True/False with Justification (3 points each)

13. True or False: LDA topic modeling requires the analyst to specify the number of topics in advance, which means the algorithm discovers topics "objectively" once k is chosen.

Answer: FALSE. The algorithm discovers word co-occurrence patterns objectively for a given k, but the choice of k is a human decision that strongly affects the results. Different values of k produce different topic structures, none of which is objectively "correct." The algorithm's output is also dependent on preprocessing choices, random initialization, and vocabulary size — all human decisions.


14. True or False: A speech with a VADER compound score of +0.65 is objectively more positive in its political message than a speech scoring +0.30.

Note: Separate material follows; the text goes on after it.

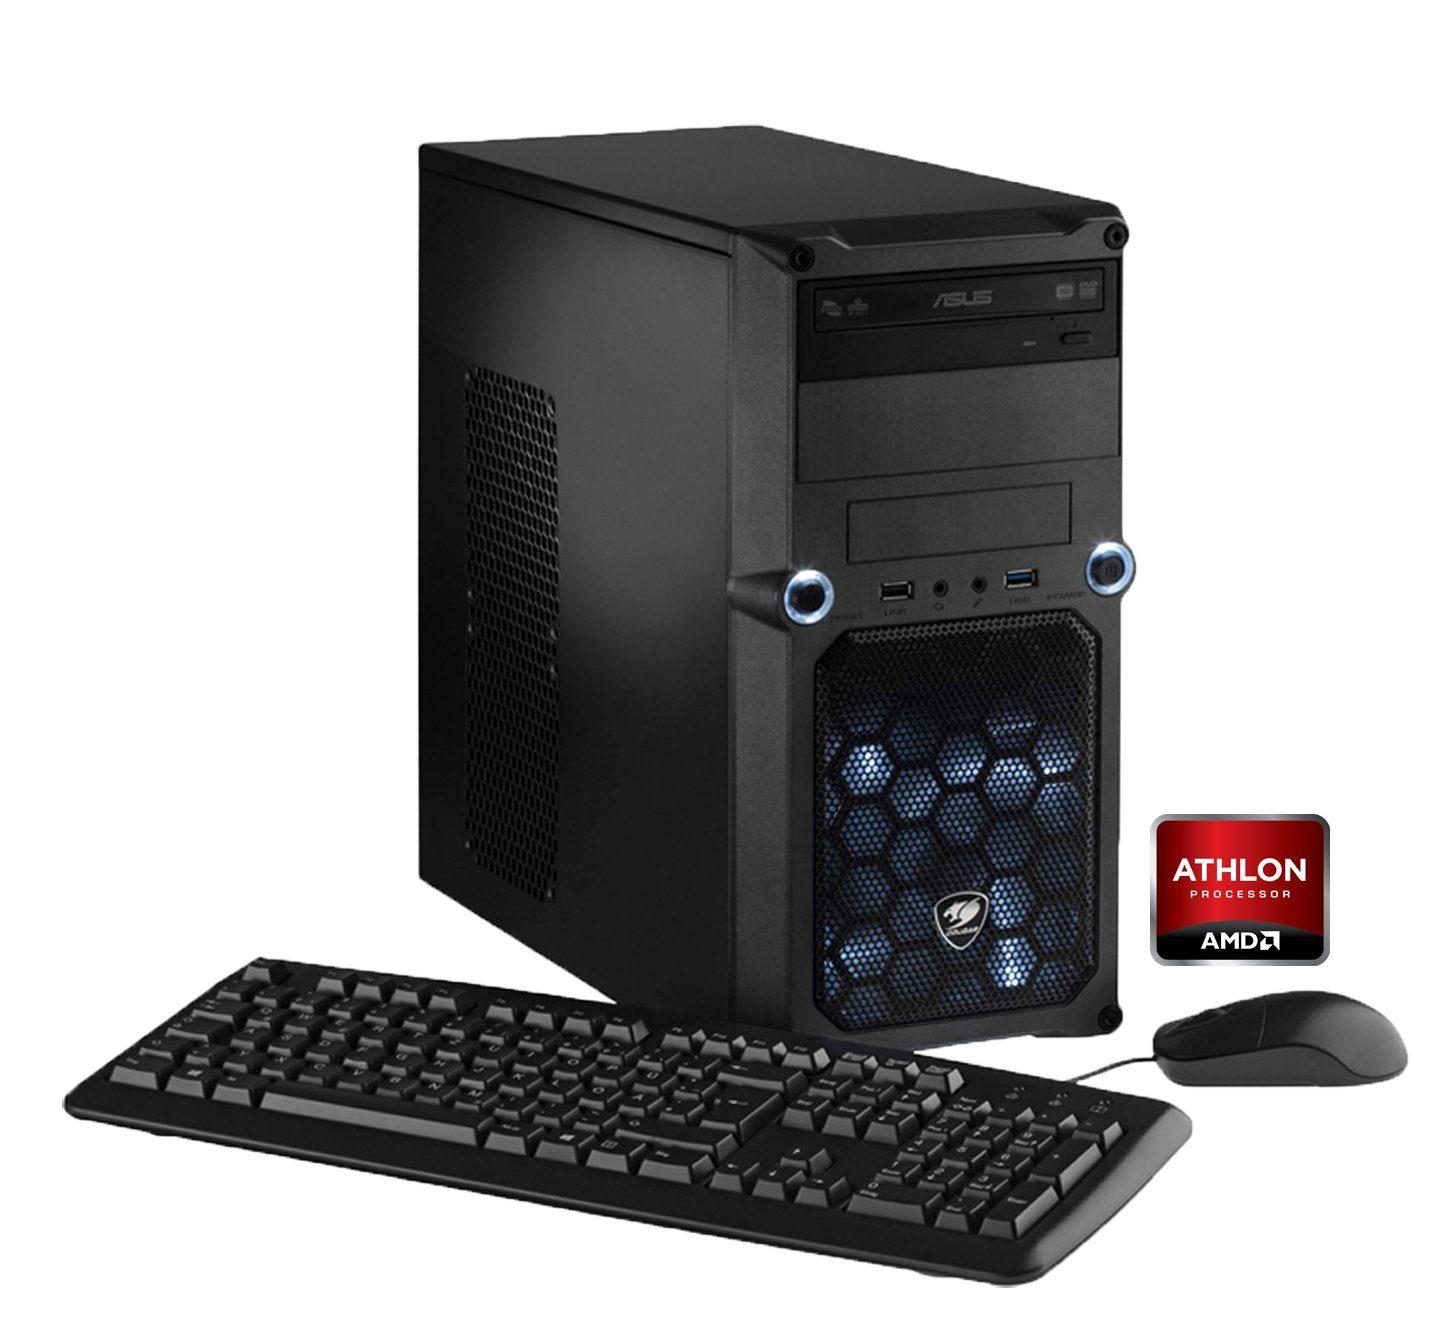 Hyrican Gaming PC AMD X4 880K, 16GB, 1TB, 120 SSD, GTX 950, Windows 10 »CyberGamer 5104«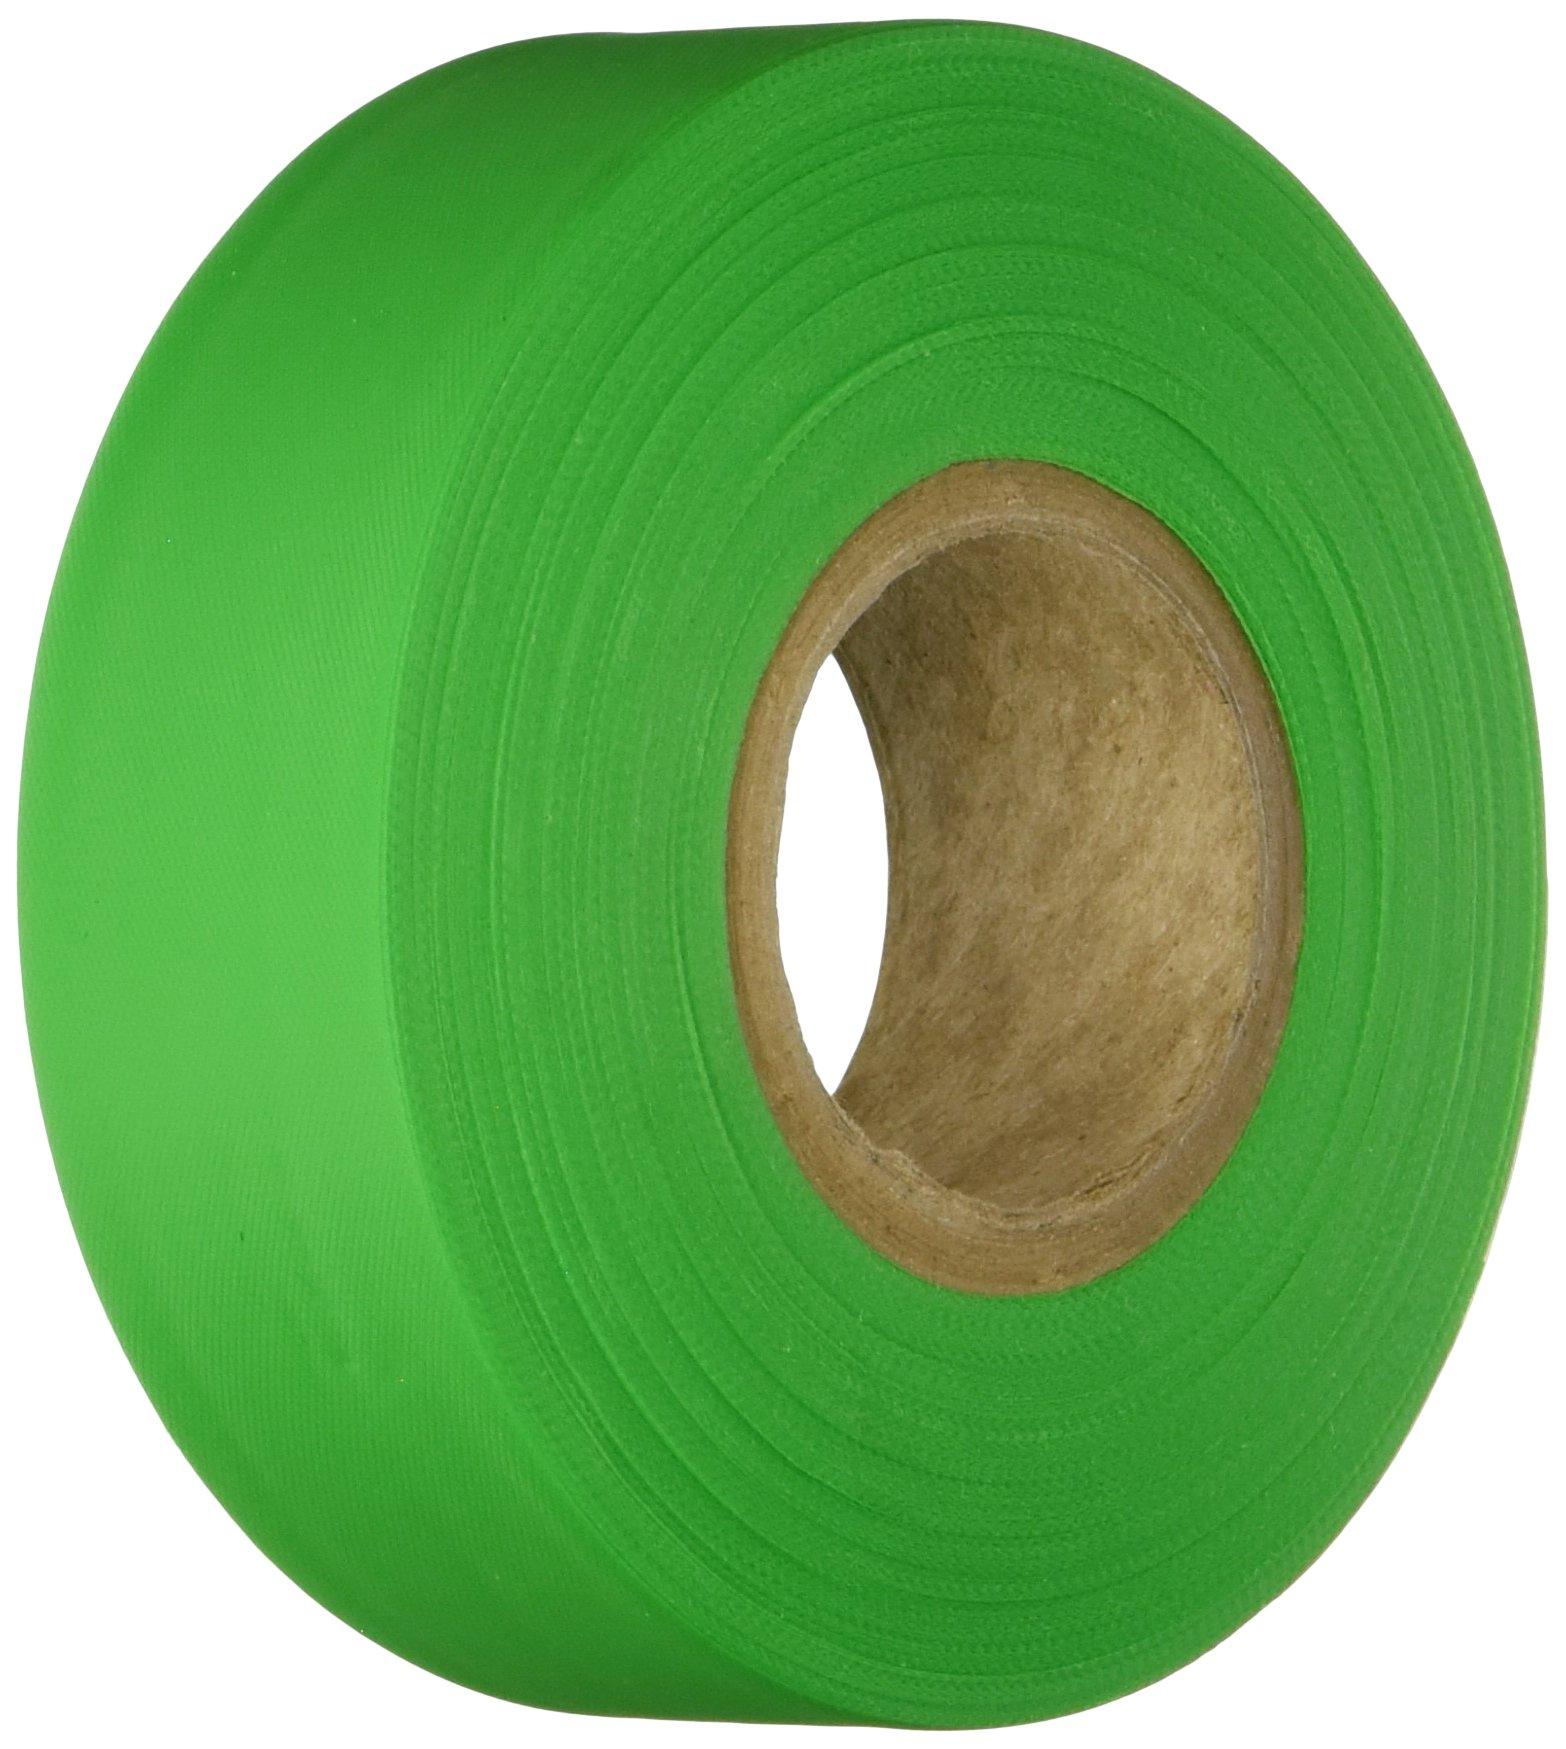 Brady 58353 Barricade Tape, Fluorescent Green

Answer: FALSE. The VADER score reflects word-level sentiment patterns, not the substantive political positivity of the message. A speech could score +0.65 by using simple, positive-affect words while being substantively neutral or evasive, while a speech scoring +0.30 could contain deeply positive policy commitments expressed in complex, technical language that VADER scores less positively. The score is a measure of the specific linguistic patterns VADER is calibrated to detect, not a direct measure of political message positivity.


15. True or False: Setting a random seed (e.g., random_state=42) in sklearn's LDA and LogisticRegression ensures that running the code on a different computer will produce identical results.

Answer: FALSE. A random seed ensures reproducibility within a given software environment (same library versions, same hardware architecture). Different library versions or different hardware can produce different floating-point results even with the same seed. True reproducibility requires also documenting and fixing library versions (via a requirements.txt or conda environment.yml), which is why Sam's pipeline setup code includes library version documentation.